CartoCell, a high-throughput pipeline for accurate 3D image analysis

This tutorial describes how to train and infer using our custom ResU-Net 3D DNN in order to reproduce the results obtained in (Andrés-San Román, 2022). Given an initial training dataset of 21 segmented epithelial 3D cysts acquired after confocal microscopy, we follow the CartoCell pipeline (figure below) to high-throughput segment hundreds of cysts at low resolution automatically.


CartoCell pipeline for high-throughput epithelial cysts segmentation.


Cyst raw image


Cyst label image

Paper citation:

CartoCell, a high-throughput pipeline for accurate 3D image analysis, unveils cell
morphology patterns in epithelial cysts. Jesús Andrés-San Román, Carmen Gordillo-Vázquez,
Daniel Franco-Barranco, Laura Morato, Antonio Tagua, Pablo Vicente-Munuera,
Ana M. Palacios, María P. Gavilán, Valentina Annese, Pedro Gómez-Gálvez,
Ignacio Arganda-Carreras, Luis M. Escudero. [under revision]

CartoCell phases

  • In Phase 1, a small dataset of 21 cysts, stained with cell outlines markers, was acquired at high-resolution in a confocal microscope. Next, the individual cell instances were segmented. The high-resolution images from Phase 1 provides the accurate and realistic set of data necessary for the following steps.

  • In Phase 2, both high-resolution raw and label images were down-sampled to create our initial training dataset. Specifically, image volumes were reduced to match the resolution of the images acquired in Phase 3. Using that dataset, a first DNN was trained. We will refer to this first model as model M1.

  • In Phase 3, a large number of low-resolution stacks of multiple epithelial cysts was acquired. This was a key step to allow the high-throughput analysis of samples since it greatly reduces acquisition time. Here, we extracted the single-layer and single-lumen cysts by cropping them from the complete stack. This way, we obtained a set of 293 low-resolution images, composed of 84 cysts at 4 days, 113 cysts at 7 days and 96 cysts at 10 days. Next, we applied our trained model M1 to those images and post-processed their output to produce (i) a prediction of individual cell instances (obtained by marker-controlled watershed), and (ii) a prediction of the mask of the full cellular regions. At this stage, the output cell instances were generally not touching each other, which is a problem to study cell connectivity in epithelia. Therefore, we applied a 3D Voronoi algorithm to correctly mimic the epithelial packing. More specifically, each prediction of cell instances was used as a Voronoi seed, while the prediction of the mask of the cellular region defined the bounding territory that each cell could occupy. The result of this phase was a large dataset of low-resolution images and their corresponding accurate labels.

  • In Phase 4, a new 3D ResU-Net model (model M2, from now on) was trained on the newly produced large dataset of low-resolution images and its paired label images.
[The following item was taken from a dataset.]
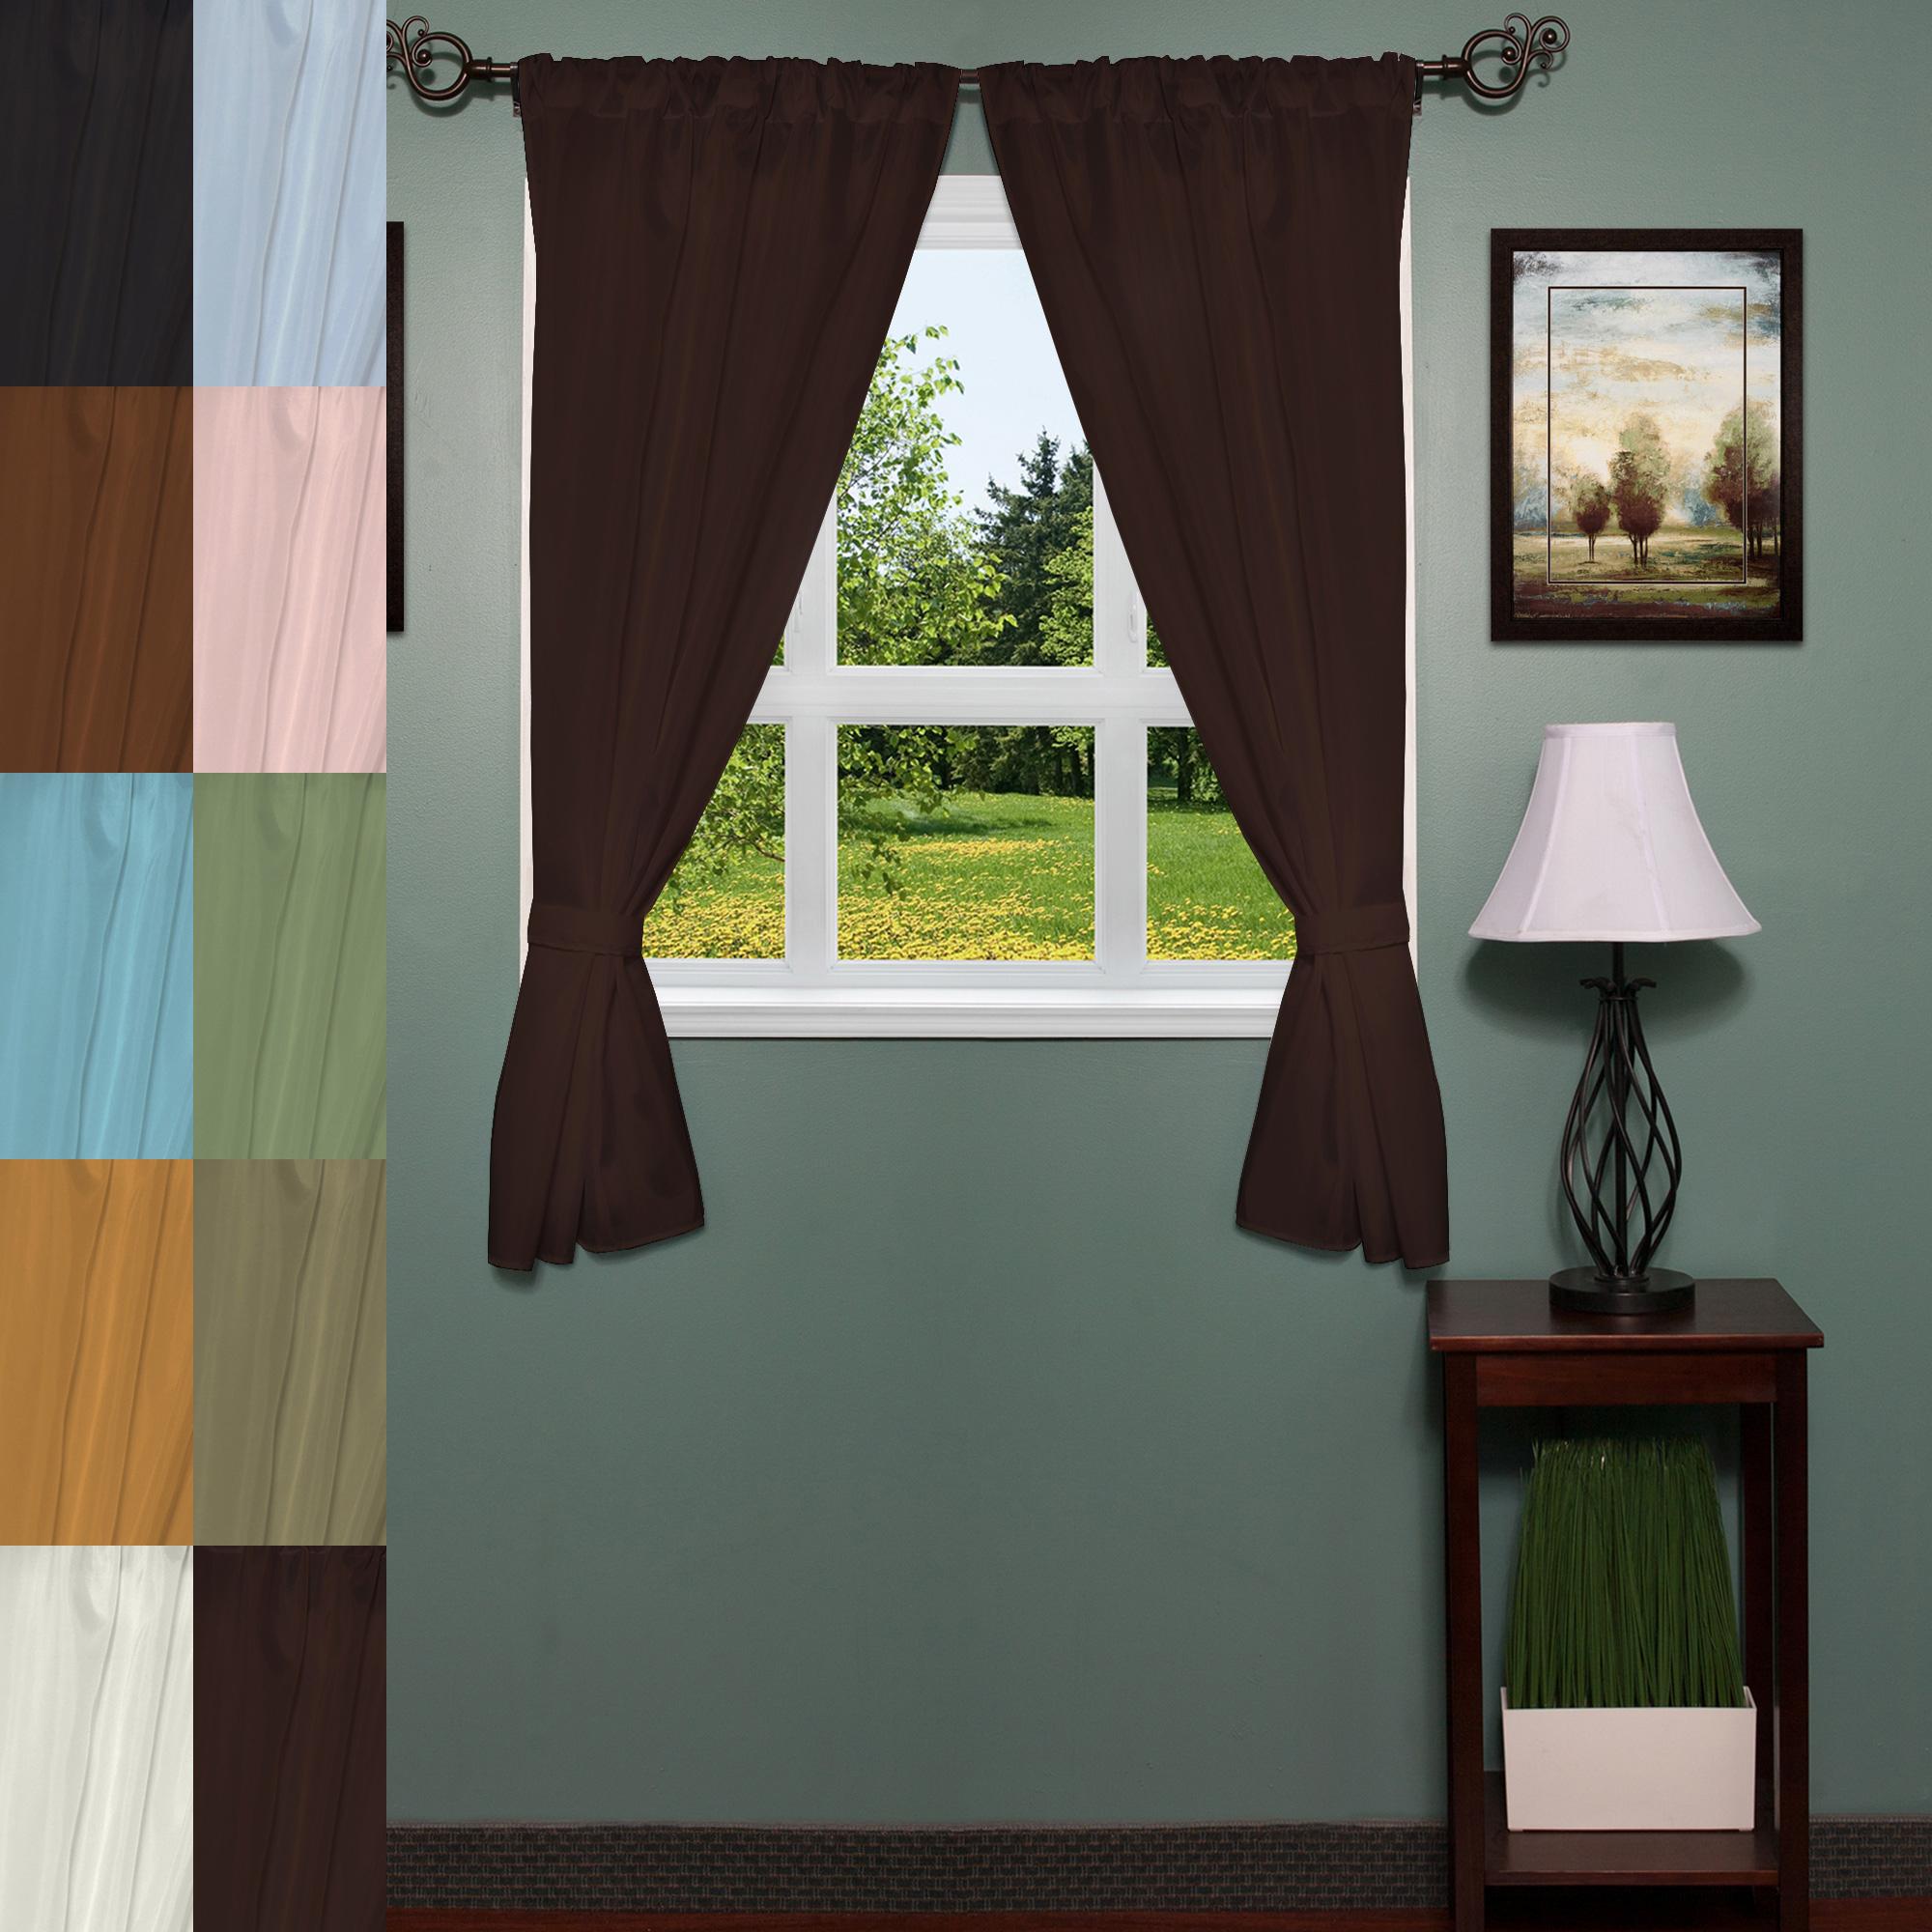 "Details About Classic Hotel Quality 36""w X 54""l Fabric Bathroom Window Curtain Set W/tiebacks With Classic Hotel Quality Water Resistant Fabric Curtains Set With Tiebacks (View 9 of 20)"

This was a crucial step, since the performance of deep learning models is highly dependent on the amount of training samples.

  • In Phase 5, model M2 was applied to new low-resolution cysts and their output was post-processed as in Phase 3, thus achieving high-throughput segmentation of the desired cysts.

Data preparation

The data needed is:

We also provide all the properly segmented cysts (ground truth) in Mendeley.

How to train your model

You have two options to train your model: via command line or using Google Colab.

Command line

You can reproduce the exact results of our manuscript via command line using cartocell_training.yaml configuration file.
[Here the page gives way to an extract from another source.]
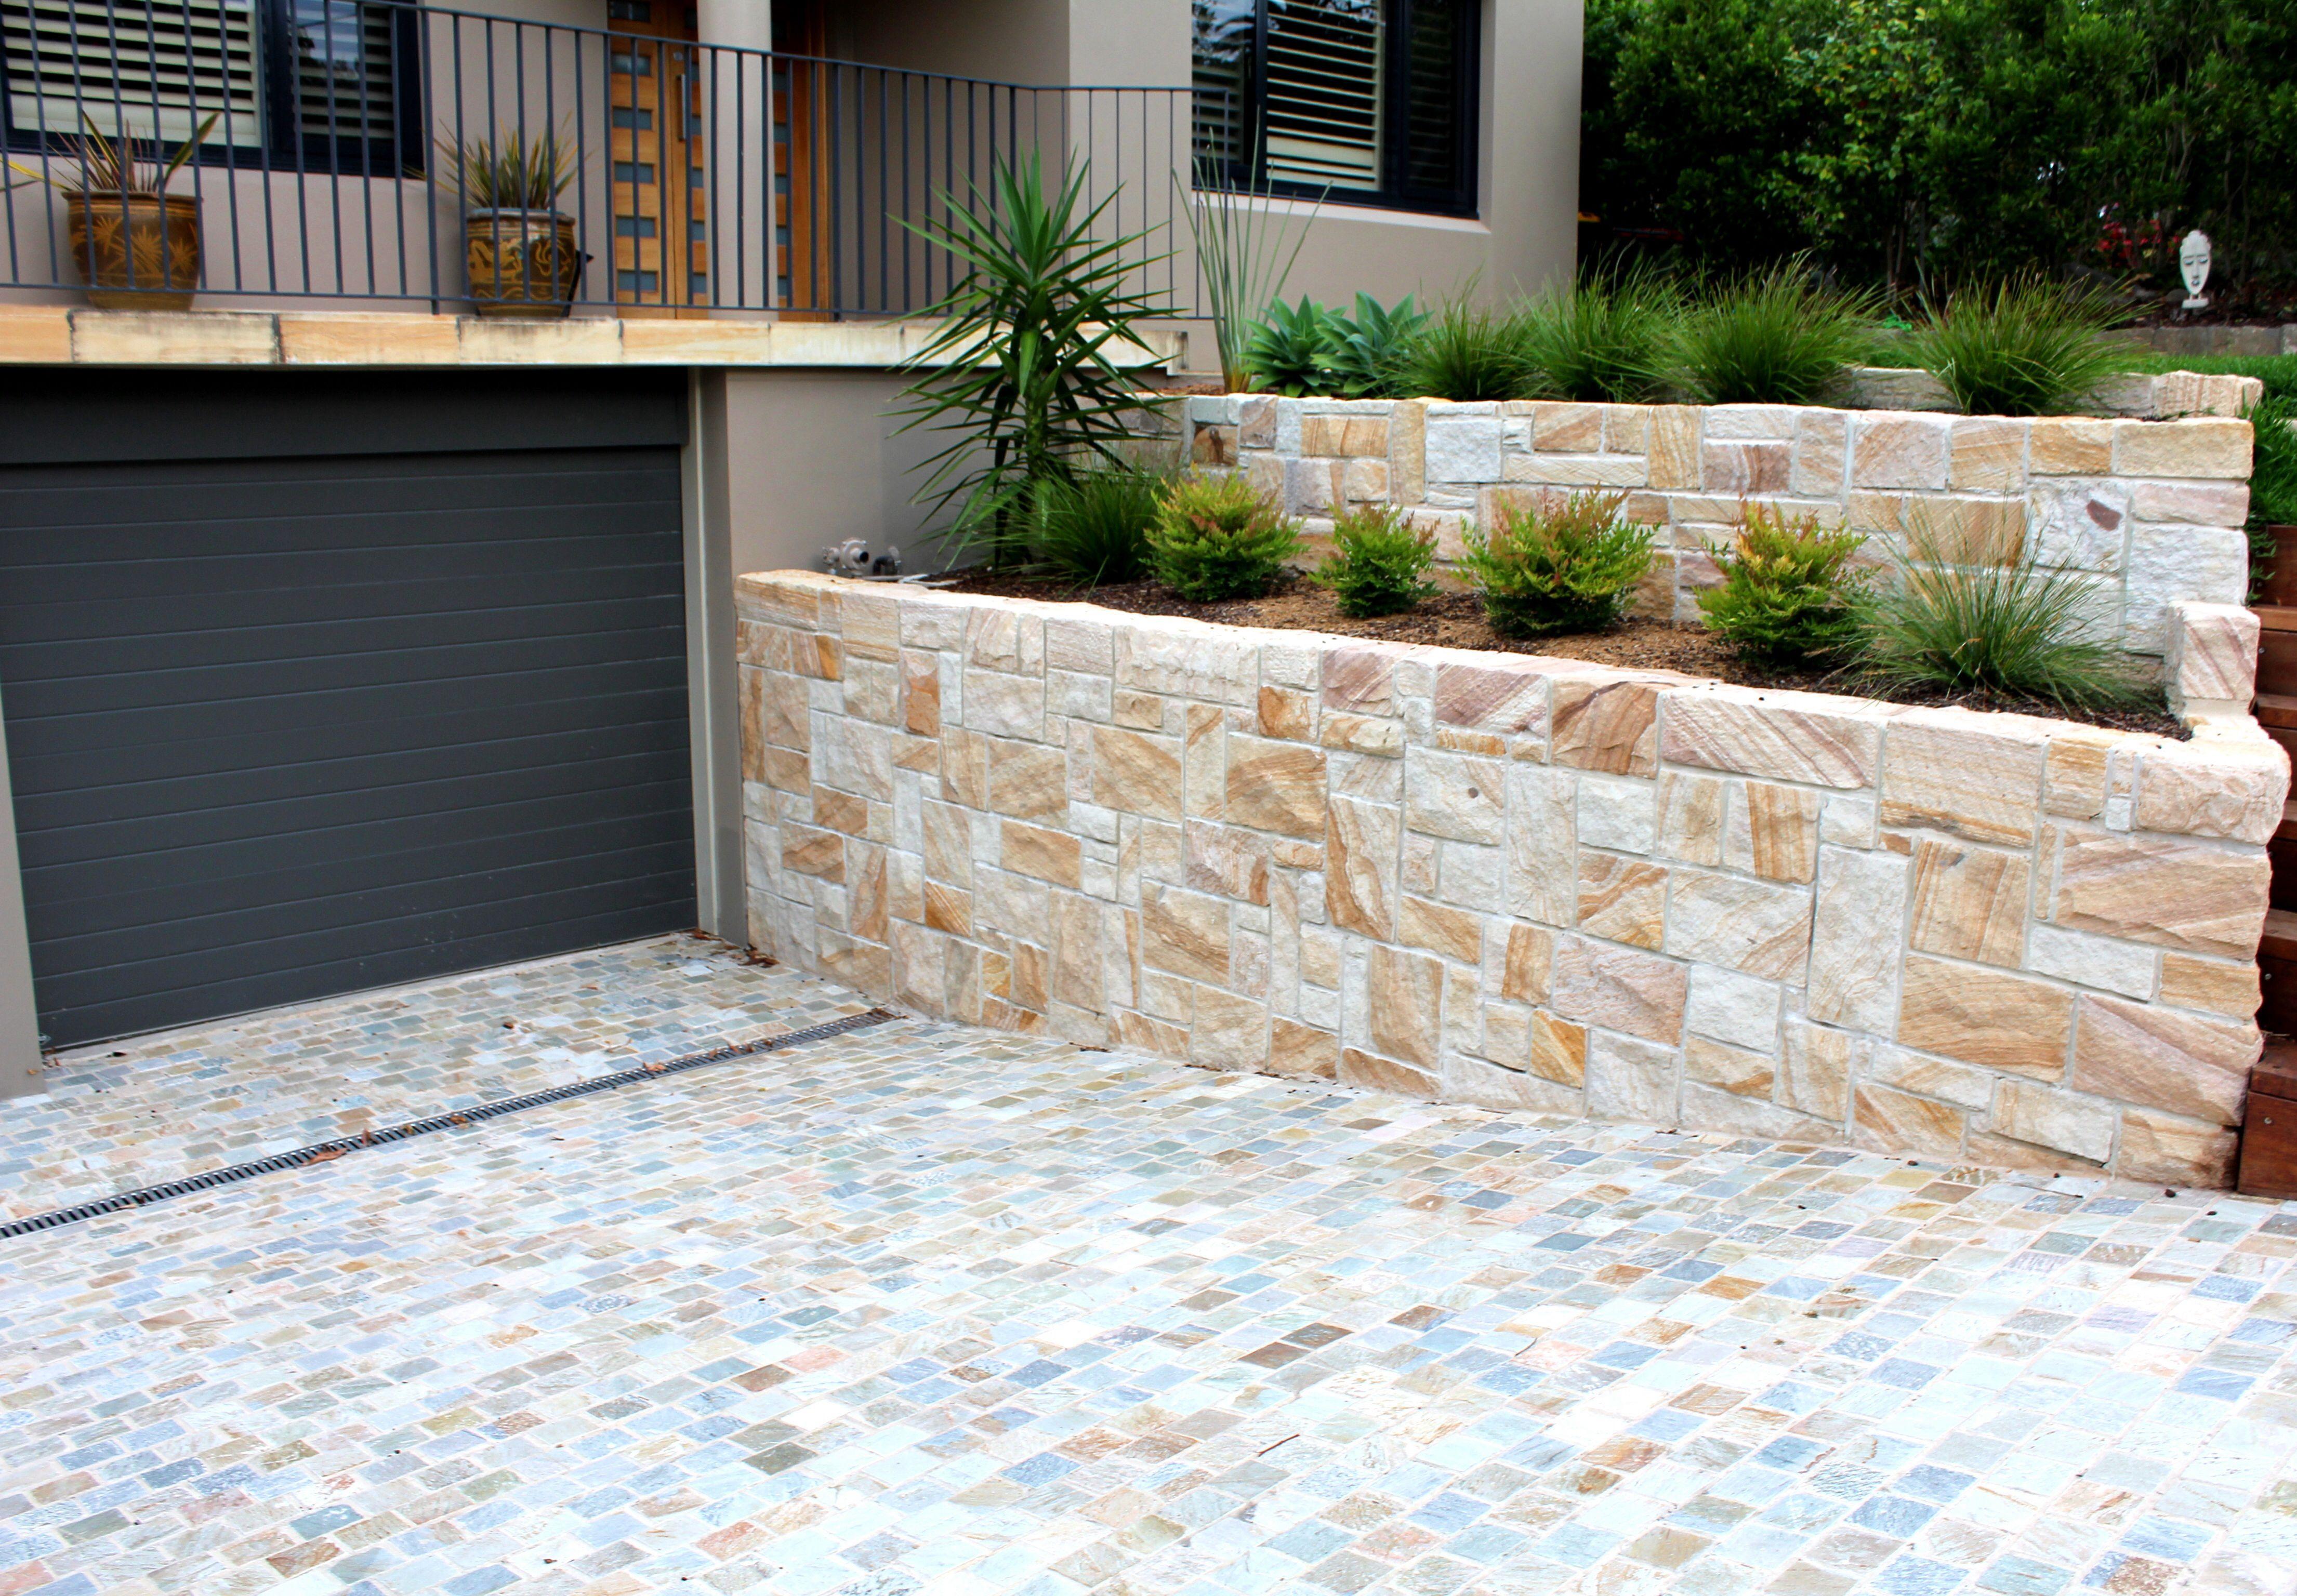 Random Ashlar Split Faced Sandstone Retaining Walls Cobb Co Cobble Stone Driveway House Cladding Stone Driveway Sandstone Wall

For the validation data, for both model M1 and model M2, you will need to modify VAL.PATH and VAL.GT_PATH with validation_dataset_raw_images and validation_dataset_label_images.

The next step is to open a terminal (see Installation section if you need help) and run the code as follows:

# Configuration file
# Where the experiment output directory should be created
# Just a name for the job
# Number that should be increased when one need to run the same job multiple times (reproducibility)
# Number of the GPU to run the job in (according to 'nvidia-smi' command)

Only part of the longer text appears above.